5.5. “Beneficial Exemption”
- Some exemptions favour a particular social group or activity (e.g., charities, religious institutions, residential housing).
- Where an exemption has a beneficial purpose, courts tend to resolve doubts in favour of the beneficiary, once it is clear that they fall within the general wording of the exemption.
5.6. “Sub‑Lease”
- A lease is a contract by which a landlord gives a tenant the right to use property for a period in return for rent.
- A sub‑lease is when the tenant in turn grants similar rights to another person (sub‑tenant), while still retaining his own leasehold interest.
- Legally, sub‑leasing is also “renting”. In this case, DTwelve’s agreements with students/working professionals are sub‑leases.
6. Conclusion
The Supreme Court’s decision in The State of Karnataka v. Taghar Vasudeva Ambrish establishes an important precedent on multiple fronts.
- It affirms that hostels and similar long‑stay accommodations for students and working professionals, when housed in buildings otherwise residential in nature, fall within the concept of “residential dwelling” for GST purposes.
- It clarifies that Entry 13 of Notification 9/2017 (pre‑18.07.2022) is an activity‑specific exemption for renting residential dwellings for use as residences, and does not require the immediate lessee to personally reside in the property.

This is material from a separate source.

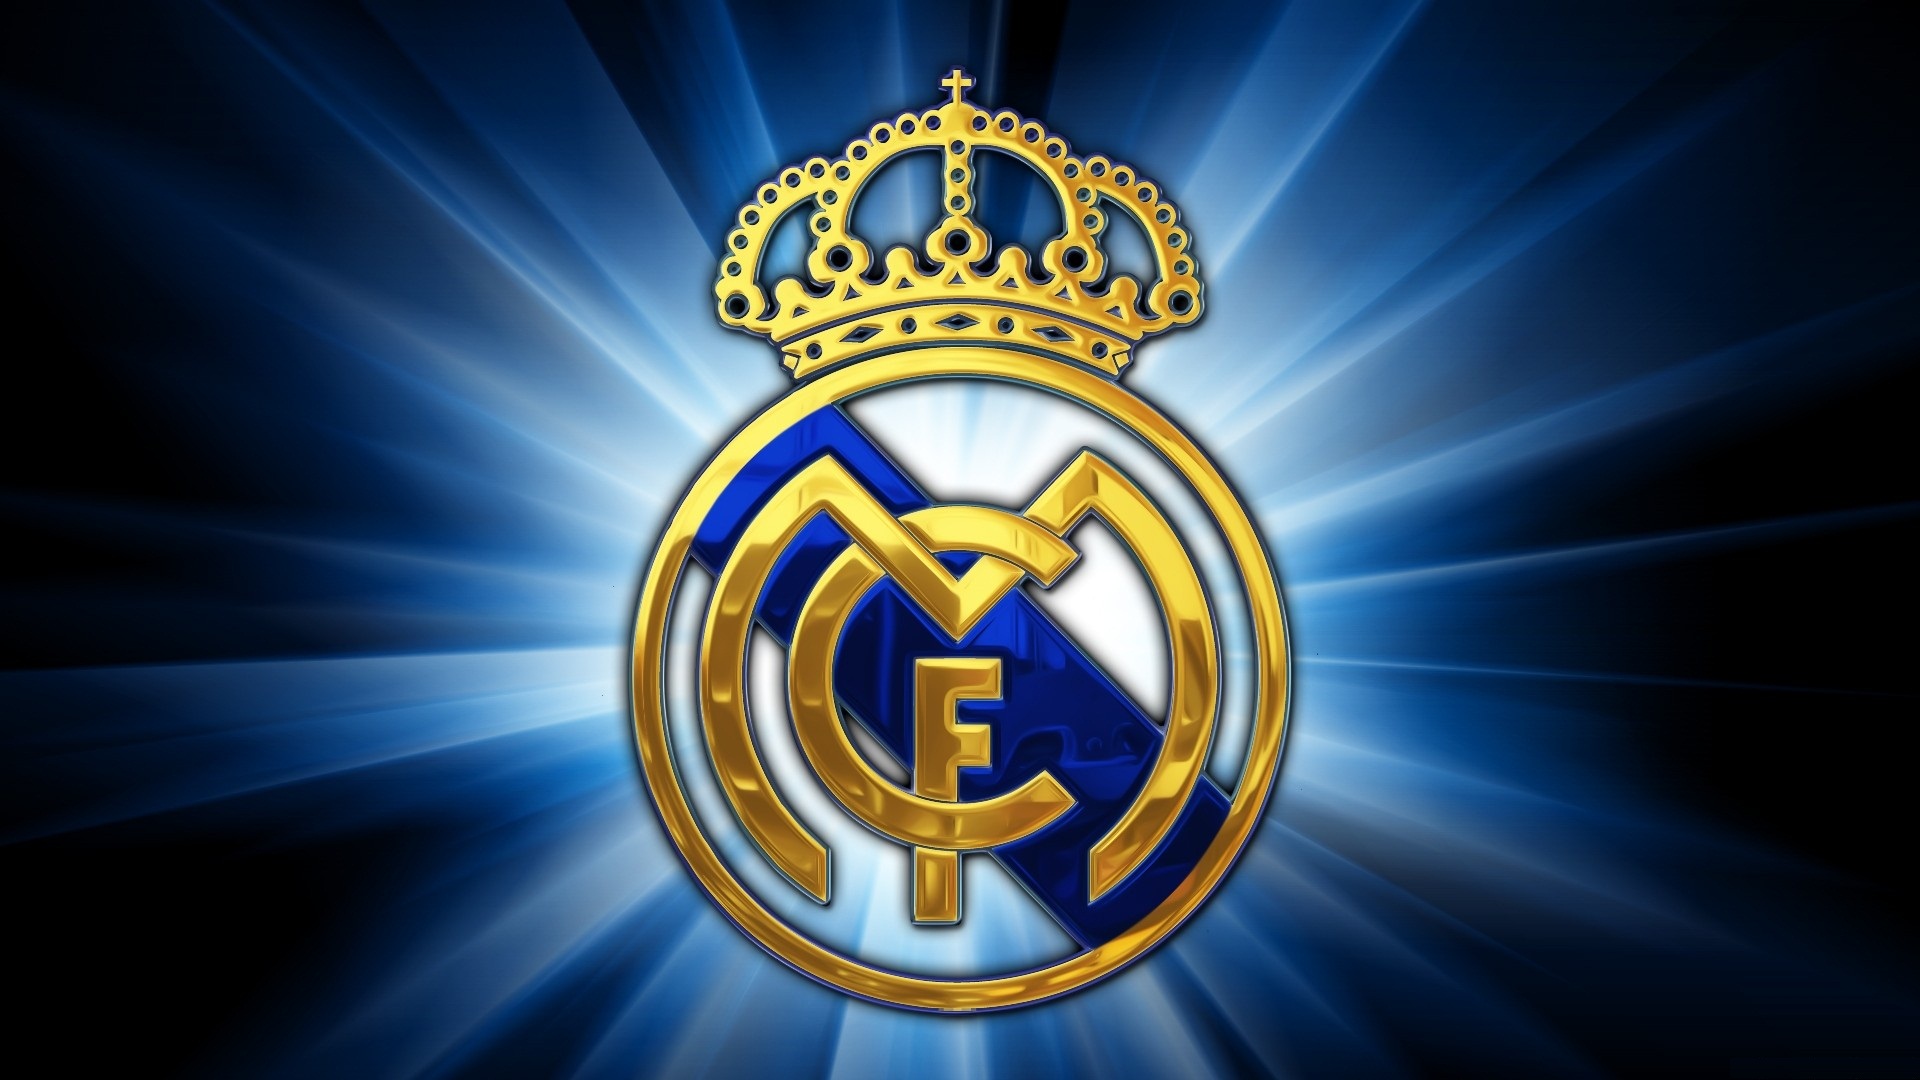 Real Madrid Wallpaper For Mac With Resolution 1920X1080 pixel. You can make this wallpaper for your Mac or Windows Desktop Background, iPhone, Android or Tablet and another Smartphone device for free

- It reinforces the doctrine that exemptions are construed strictly at the threshold but liberally once conditions are met, especially for beneficial exemptions with a social‑welfare orientation, such as relief on residential housing.
- It deploys purposive interpretation, placing legislative intent (protecting residential use from high GST) above hyper‑technical readings that could frustrate that purpose.
- It delineates the temporal reach of subsequent amendments, making clear that the restrictive 2022 change and the 2023 Explanation cannot retrospectively colour the interpretation of the unamended Entry 13.
In the broader legal context, the judgment will guide not only GST classification of rental transactions but also the interpretive approach to fiscal exemptions that intersect with housing, education and other socially significant sectors. It aligns tax law with ground realities of modern accommodation models and ensures that students and young professionals are not unduly burdened with GST on their residential rents under the guise of formalistic distinctions.